Venerdì a Villa Marigola verranno chiamati a raccolta i doganalisti di tutta Italia. Quali saranno i contenuti principali e qual è il significato di un evento del genere nel territorio spezzino? “La giornata sarà divisa in due parti, ma il filo conduttore sarà comune. La mattina inizierà un racconto di quello che è diventato il mondo dopo pandemia e le varie crisi che si sono susseguite nello scenario mondiale, compresa la guerra dei dazi tra gli Stati uniti e la Cina. In pochi anni si sono susseguiti eventi epocali, che hanno disorientato il comparto.

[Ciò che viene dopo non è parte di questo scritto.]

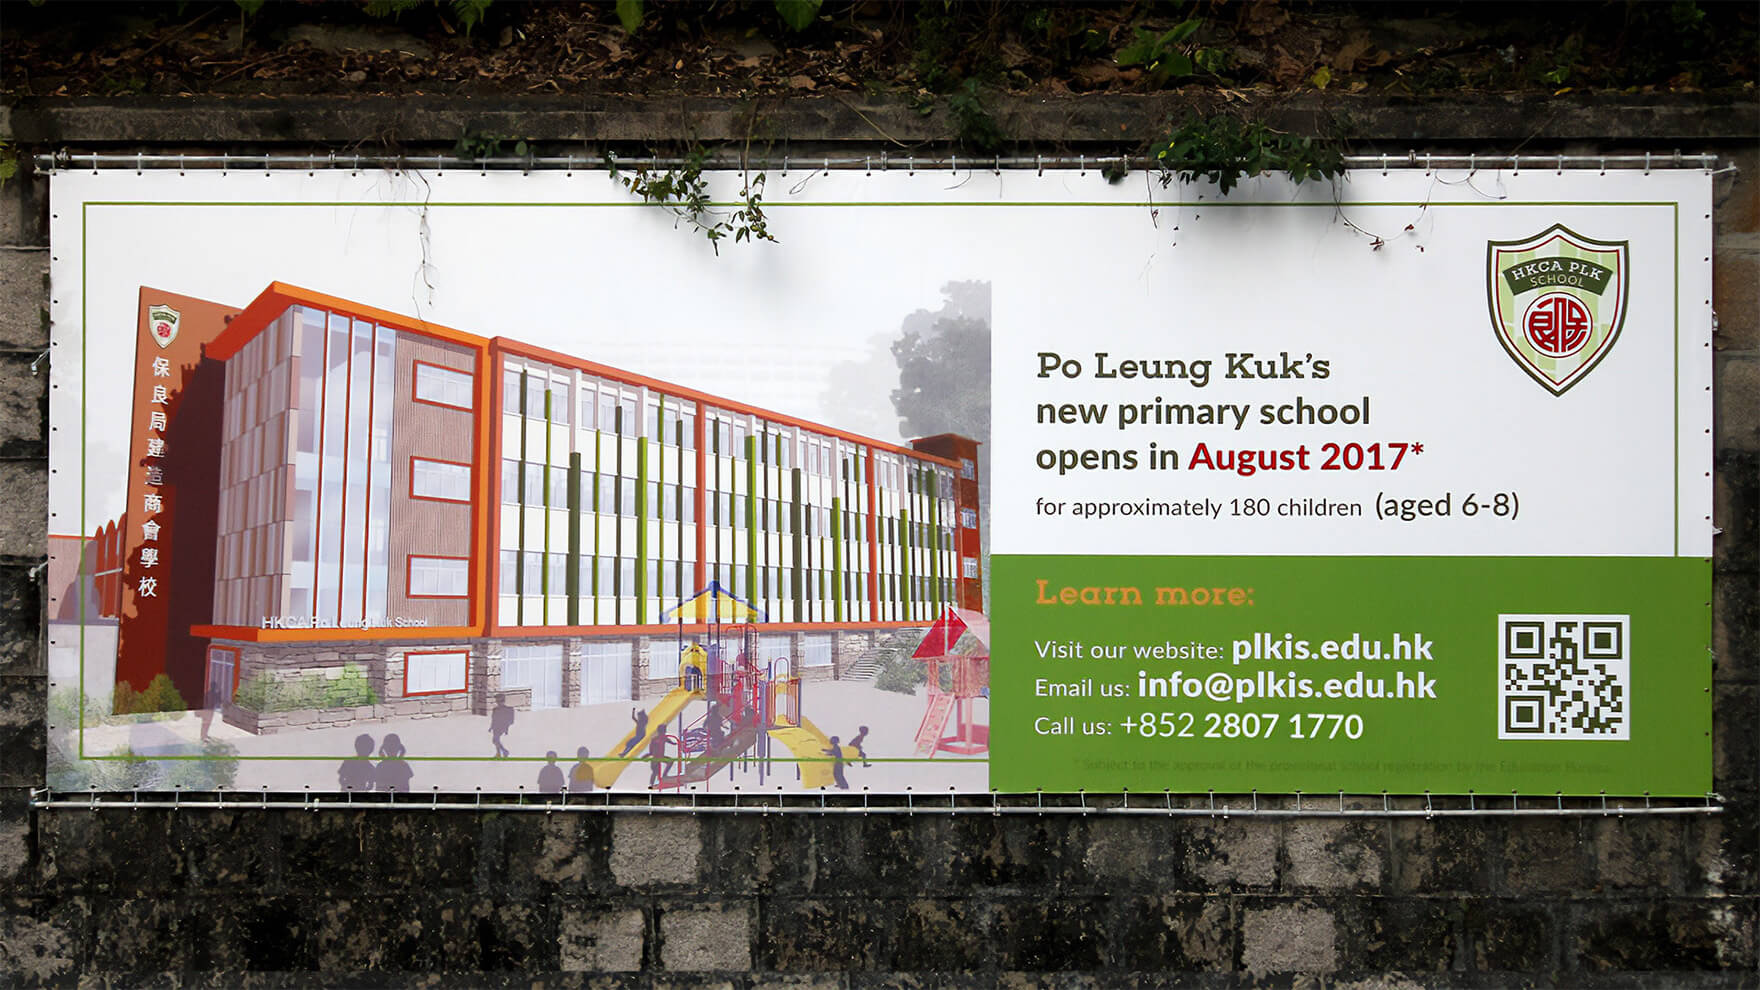 Branding Agency Hong Kong_HKCA Po Leung Kuk School_Design for schools_CheddarMedia_3_1760

Nel pomeriggio spiegheremo come si è modificata la professione: se prima il professionista doganale doveva seguire solo le normative dettate dall’Unione europea, oggi deve capire gli scenari internazionali per trovare le migliori soluzioni, per svolgere il custom planning consentendo alle aziende di avere agevolazioni, di considerare le economie fiscali… E’ necessario ampliare le proprie competenze a più campi di intervento. La decisione di organizzare questo convegno a Villa Marigola è stata presa anche per ribadire come il porto della Spezia sia centrale in Italia nel settore”.